Chwytam się nieśmiałych jeszcze promieni słońca, aby niczym marionetka stanąć niepewnie na słabych nogach o poranku oszronionym niezdecydowanym odchodzeniem zimy. Równie nieśmiało próbuję zapisać swoje pierwsze odczucia, w drżeniu dłoni, nie mogąc odnaleźć właściwych liter na klawiaturze.
Kiedy jakiś czas temu przeczytałam pierwsze fragmenty tej korespondencji wiedziałam, że przyjdzie czekać na publikację niezwykłą. Dzisiaj czuję jakbym rozwiązywała długą wstążkę, obejmującą pokaźny pęk uczuć delikatnych niczym liście opadające na jesieni. Jej końcówki są dwiema istotami złączonymi ze sobą nie tylko splotem tkaniny życia, ale połączonymi przez Opatrzność, aby uratować każdą z nich razem i z osobna. Każdą na inny sposób.
Spoglądam jak rozwiązująca się powoli tasiemka prześlizguje się między moimi palcami wytyczając drogę do odczytania kształtu liter i uchwycenia melodii, zapisanych w odręcznym piśmie, słów. Jestem jak niewidzący posługujący się alfabetem Braille'a, wyczuwając wypukłość punktów stanowiących swoisty kod do odczytania znaczenia ukrytego w geometrii, skreślonych na kartkach papieru, myśli. Ja go szukam. Kodu do ich wzajemnych uczuć, do relacji przejmujących i niełatwych, a jednocześnie przypisanych sobie losem zmienności życia. Ich obu. Jarosława Iwaszkiewicza i Wiesława Kępińskiego. Pisarza i osierocone dziecko. Ojca i syna. Przyjaciół. Bliskich i odległych sobie.
Wzruszenie zastyga w gardle dławiąc każdą opadającą łzę zrodzoną w zawstydzeniu własnej słabości, jak rodzi się więź między Jarosławem i Wiesiem. Nieporadna jak pierwsze listy chłopca, świadoma i ważna, jak wyznania Opiekuna: Nigdy jeszcze nie byłem tak z bliska przy przemianach dojrzewania, przy tworzeniu się człowieka. I tak lęk mnie ogarnia, że każdy twój krok dzisiaj jest wyborem na całe życie.

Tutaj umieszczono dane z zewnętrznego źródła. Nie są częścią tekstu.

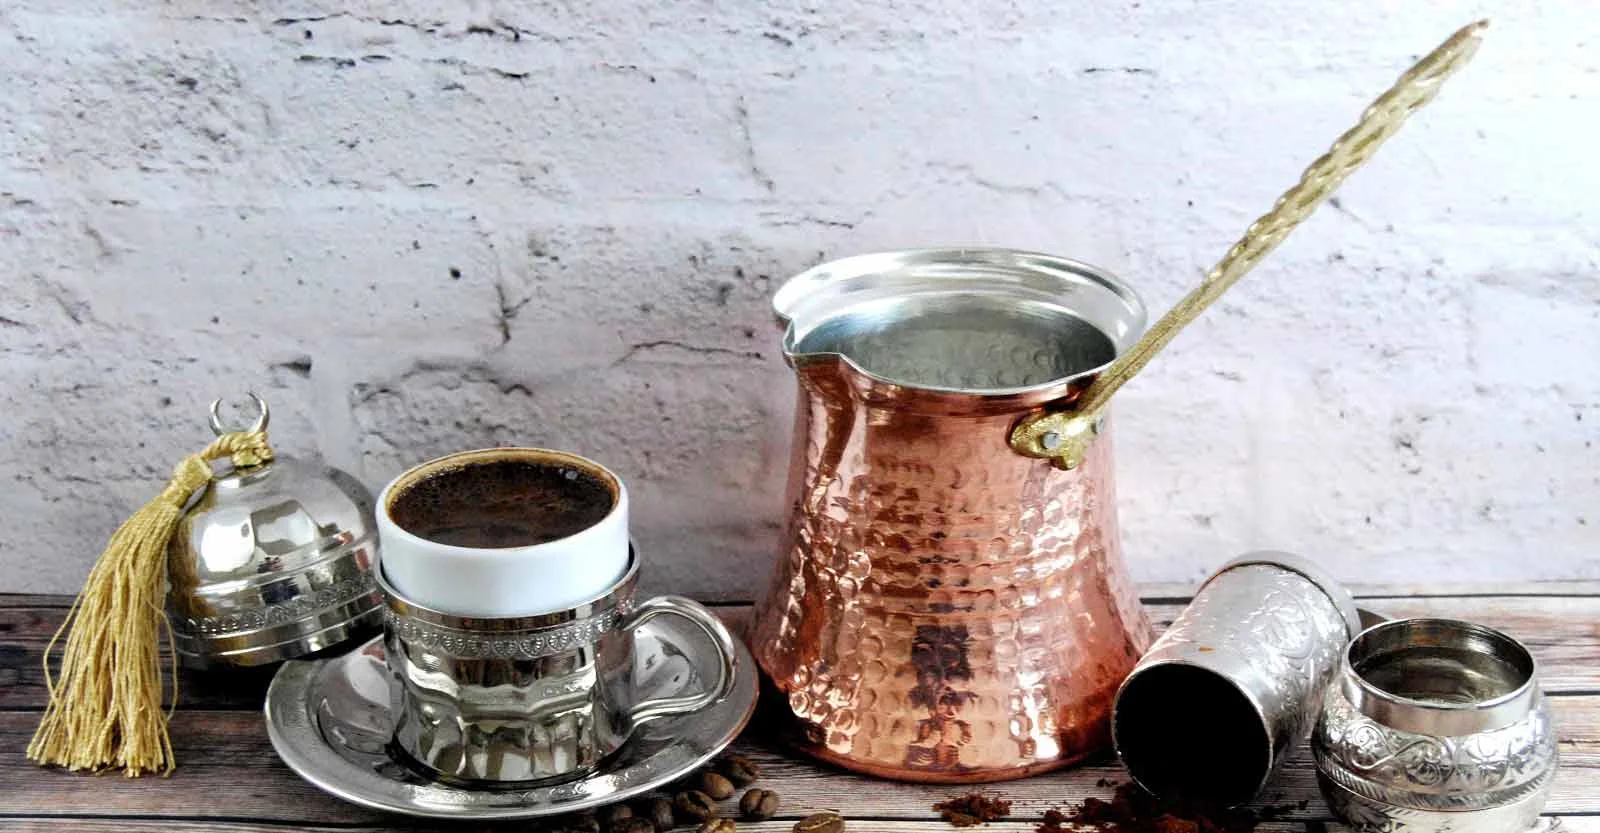 قهوه جوش ترک مسی که در کنار یک لیوان قهوه قرار گرفته است.
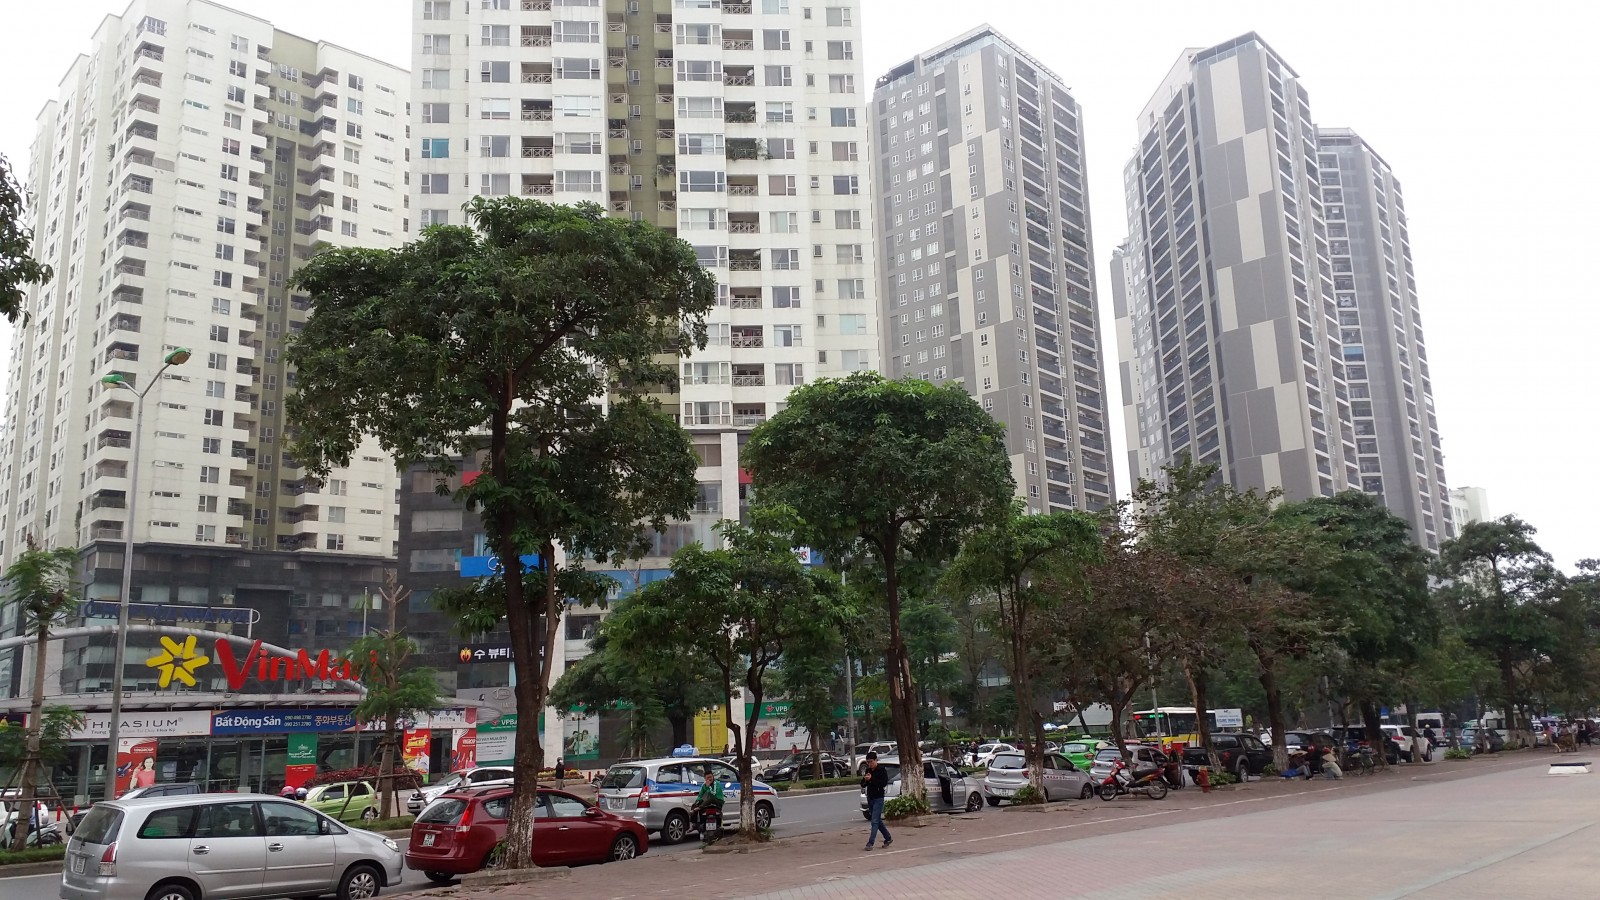 Một góc khu đô thị Trung Hòa - Nhân Chính với san sát cao ốc chọc trời. Ảnh: Tuấn Minh

Jestem na początku ich wspólnej drogi. Wsłuchuję się jak mała roślinka, posadzona w całkiem nowej ziemi, zapuszcza powoli korzenie. Czerpie siłę i witalność z czułości i opieki jaką się ją obdarza. Rośnie, także w sobie samej, poznając nowe smaki, zapachy, poddając się ciepłemu oddechowi bezpieczeństwa. Z dala od biedy i głodu. Poczucia osamotnienia. Zapełniając powoli odczuwaną pustkę bliskością i poczuciem przynależności do kogoś. Rozkwitając pod parasolem ochronnym miłości. Rodzi się na nowo. Do nowego życia i szansy na lepsze, pełniejsze istnienie, nie tylko dla siebie, ale także dla swojego opiekuna. Chciałem Ci tylko powiedzieć, że w ciągu tego roku żyłem też bardzo mocno dzięki tobie i chwilami nawet byłem szczęśliwy: jest to jeden z najpiękniejszych czasów mego życia. Wiedz o tym.
Kolejna pożółkła koperta. Wyblakły znaczek. Pocztówka z Watykanu.
Książka listów. Pudełko wspomnień.
Rys pękniętego życia dziecka pod sklepieniem wielkiego serca Pisarza.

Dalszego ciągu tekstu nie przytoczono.